I'm not arguing that testing (in itself) makes you better at dealing with stress (or that time-served in MA testing should be inflexible, which is ridiculous), but that tests can show how well you have been training to handle stressors. They can be an indicator of the success of training, demonstrated for all to see and judged by several people who might not have the biases of a single instructor.

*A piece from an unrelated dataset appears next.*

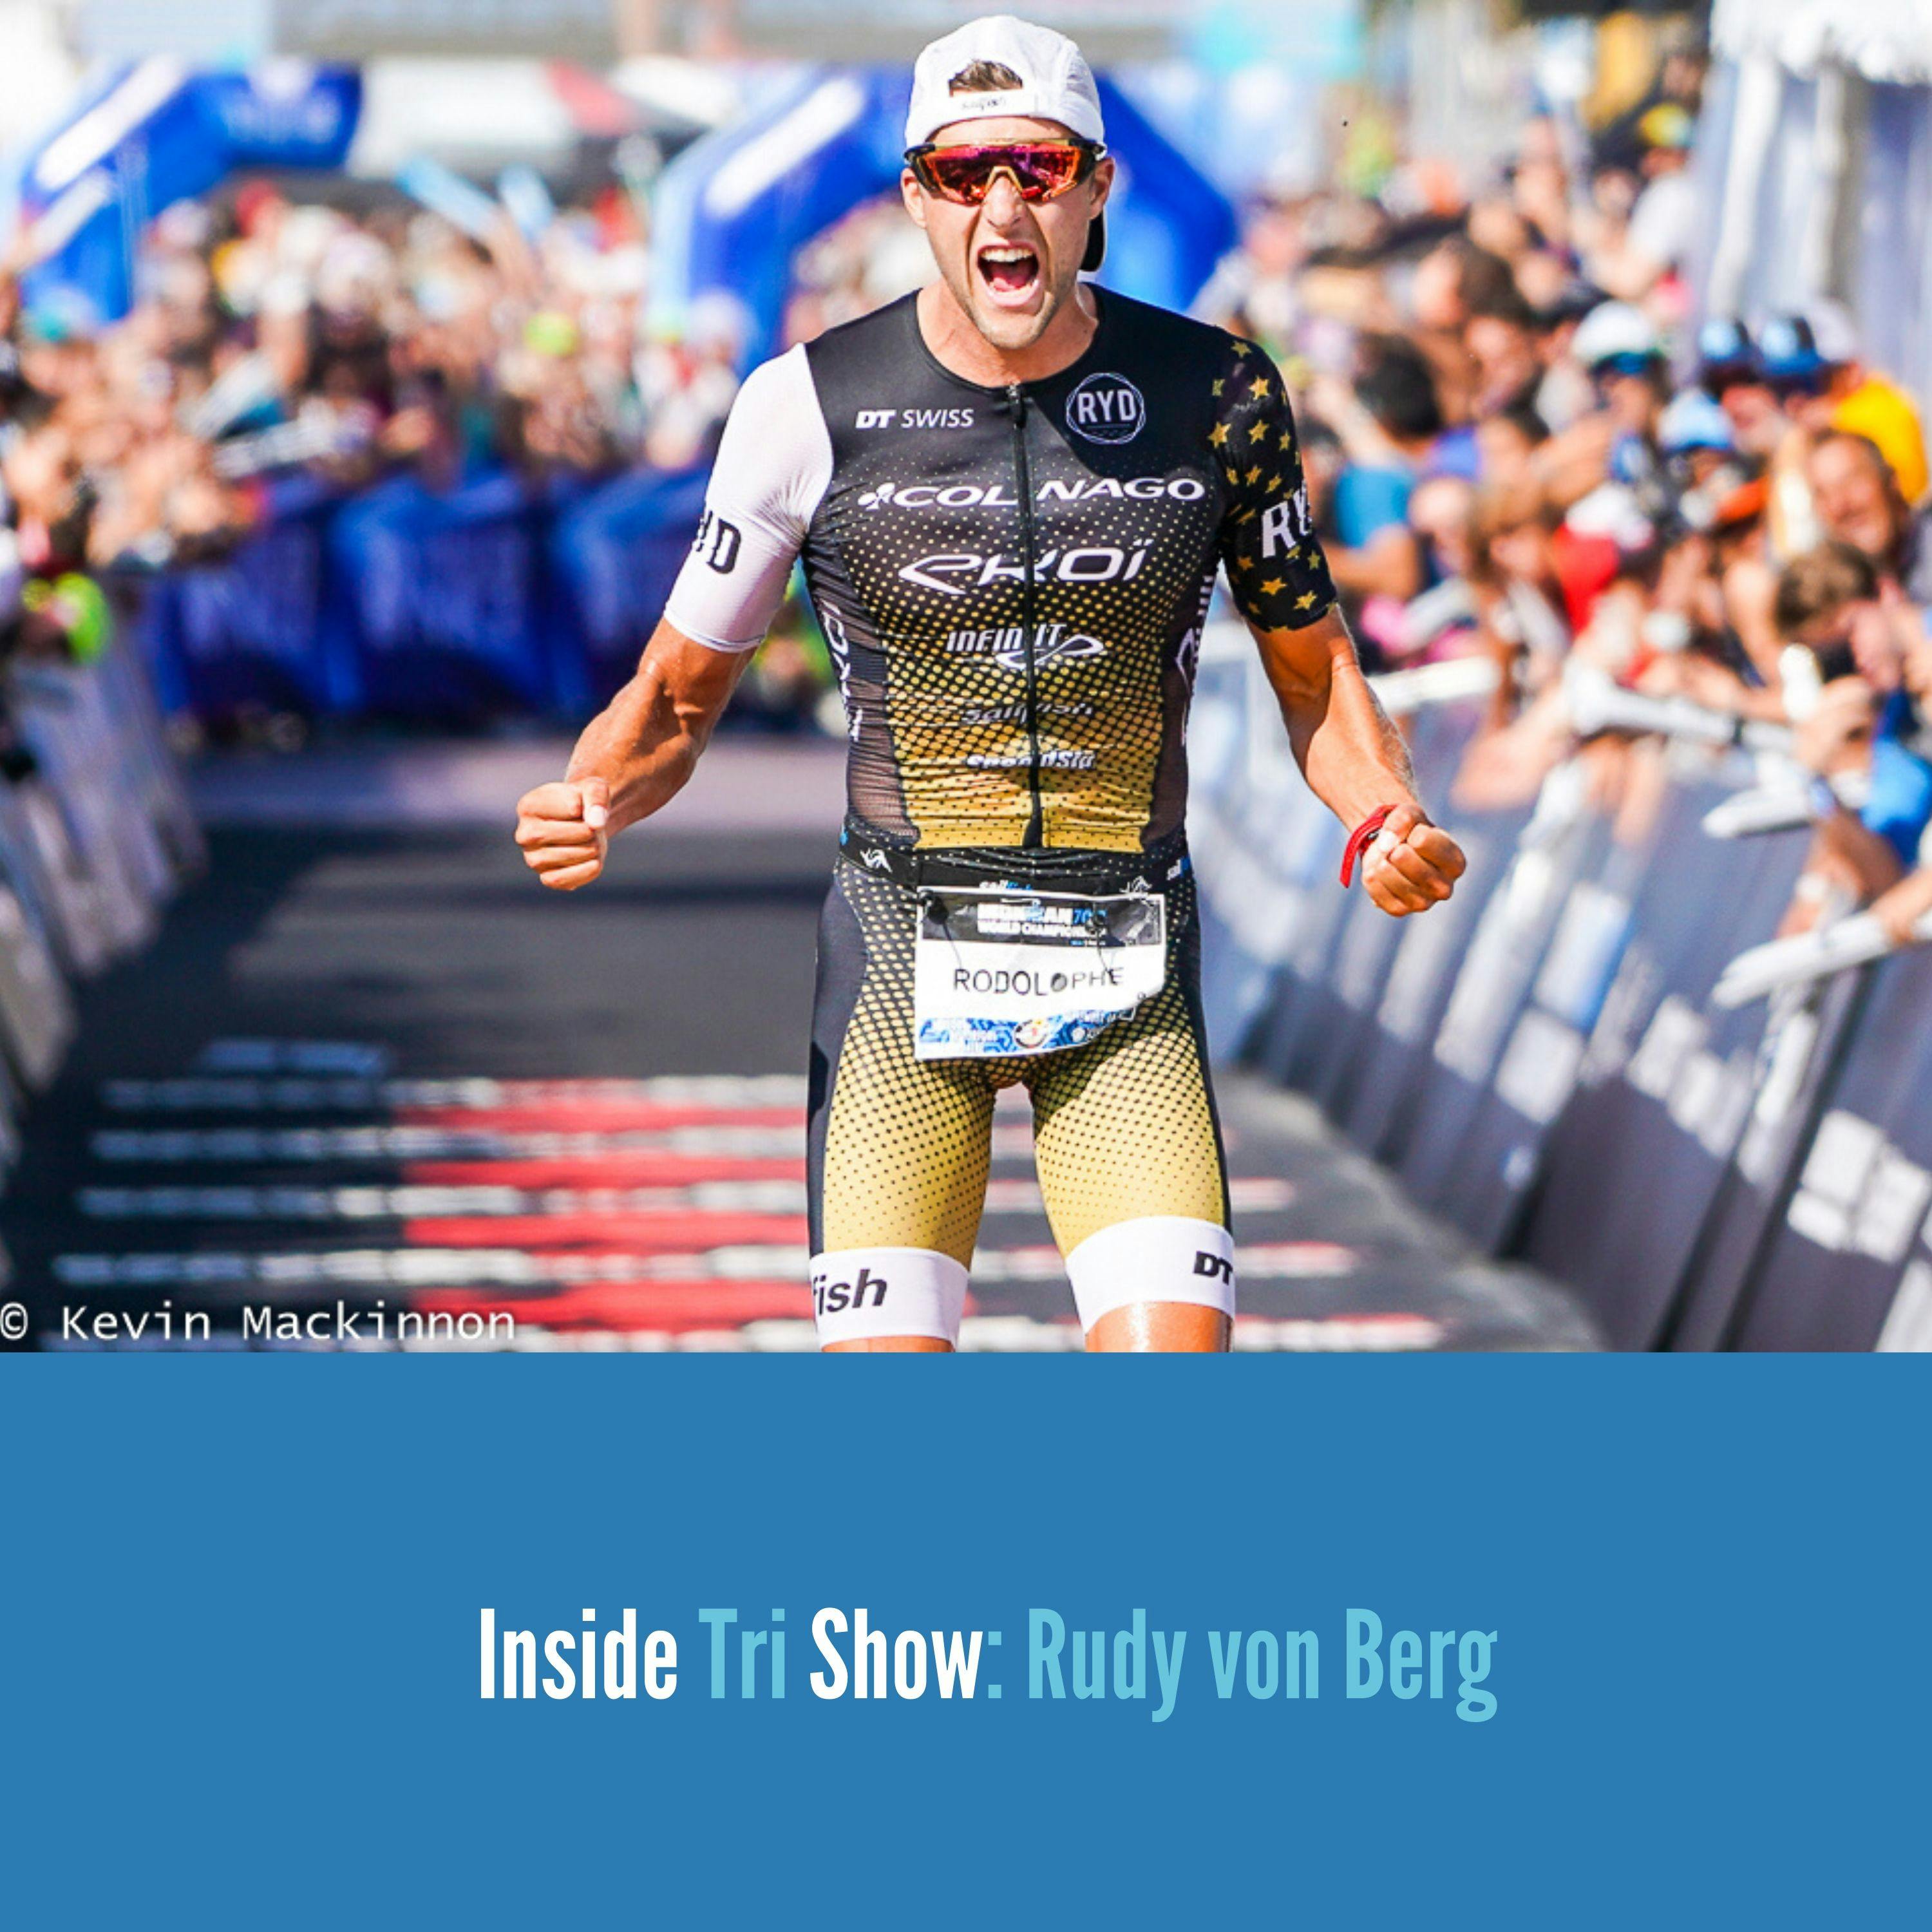 Rudy von Berg: Ironman World Champion in the making
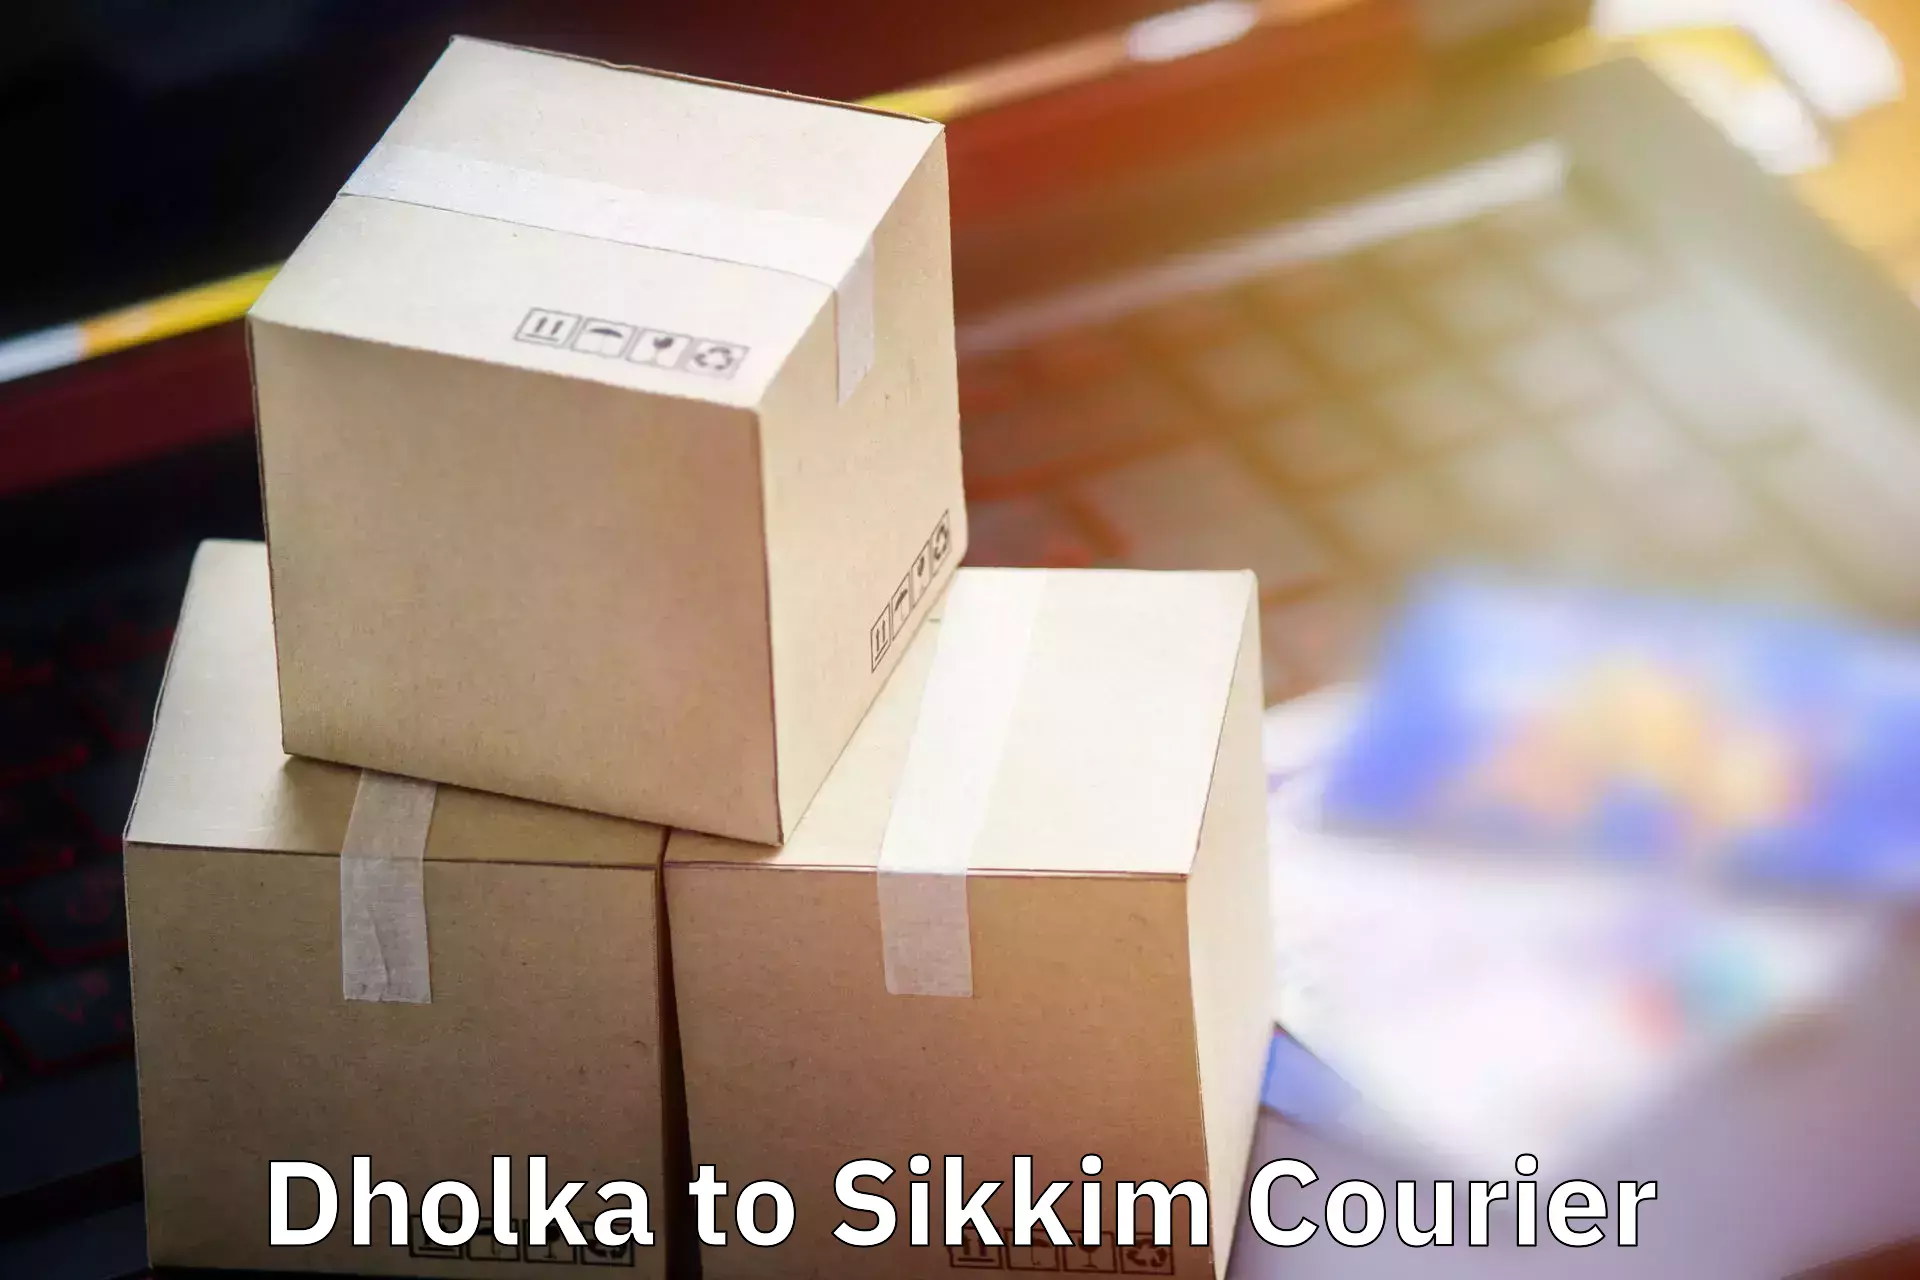 Baggage transport management Dholka to East Sikkim

Test-taking is predictable, and as such can be prepared for. Much real-world stress is also predictable -- you can see it coming. Training contains nicely scheduled stressors -- you turn up on Tuesday evenings ready for stress. It has long been known that training helps buffer the effects of later acute stress (eg. Weiss, Glazer, Pohorecky, Brick and Miller 1975). Students required to solve math problems under stress show better performance in a test phase with a new stressor (Vossel and Laux 1978). What tests do is evaluate the skills people have internalized during training. Past a certain level, people's performance deteriorates under stress. The more "normalized" stress is, the less performance deteriorates. Training seems also to generalize to new stressors, so that they are experienced as less stressful (Franken, 1982).

So, you have trained. Your instructor thinks you have reached a certain level. If you have, you can demonstrate it to people who are not emotionally invested in your training -- in a test.

With regards to people training "just for the test", and therefore ending up as substandard martial artists, I have to agree with that to some extent. Perhaps it's up to instructors to discourage that kind of motivation, by their own observable attitude and behavior, by increasing the scope of testing (some styles even include essays on philosophical points (!) or by specifically discussing the attributes of "competent martial artists". Without tests which involve judgment of external observers, a club could get a bit ingrown, without any external point of reference or standard.

That said though, getting a belt in martial arts isn't like graduate school -- "getting in" doesn't suddenly provide you with all your future possibilities. Passing the GRE can give you the chance to use university facilities to grow, and clears the way to a qualification that can decide your future career. With martial arts, it's the training that's the whole point. Belts are nice, but they don't have any meaning in the world at large, whereas your skill level (irrespective of belt) does.


Edited by hope (11/05/11 07:23 PM)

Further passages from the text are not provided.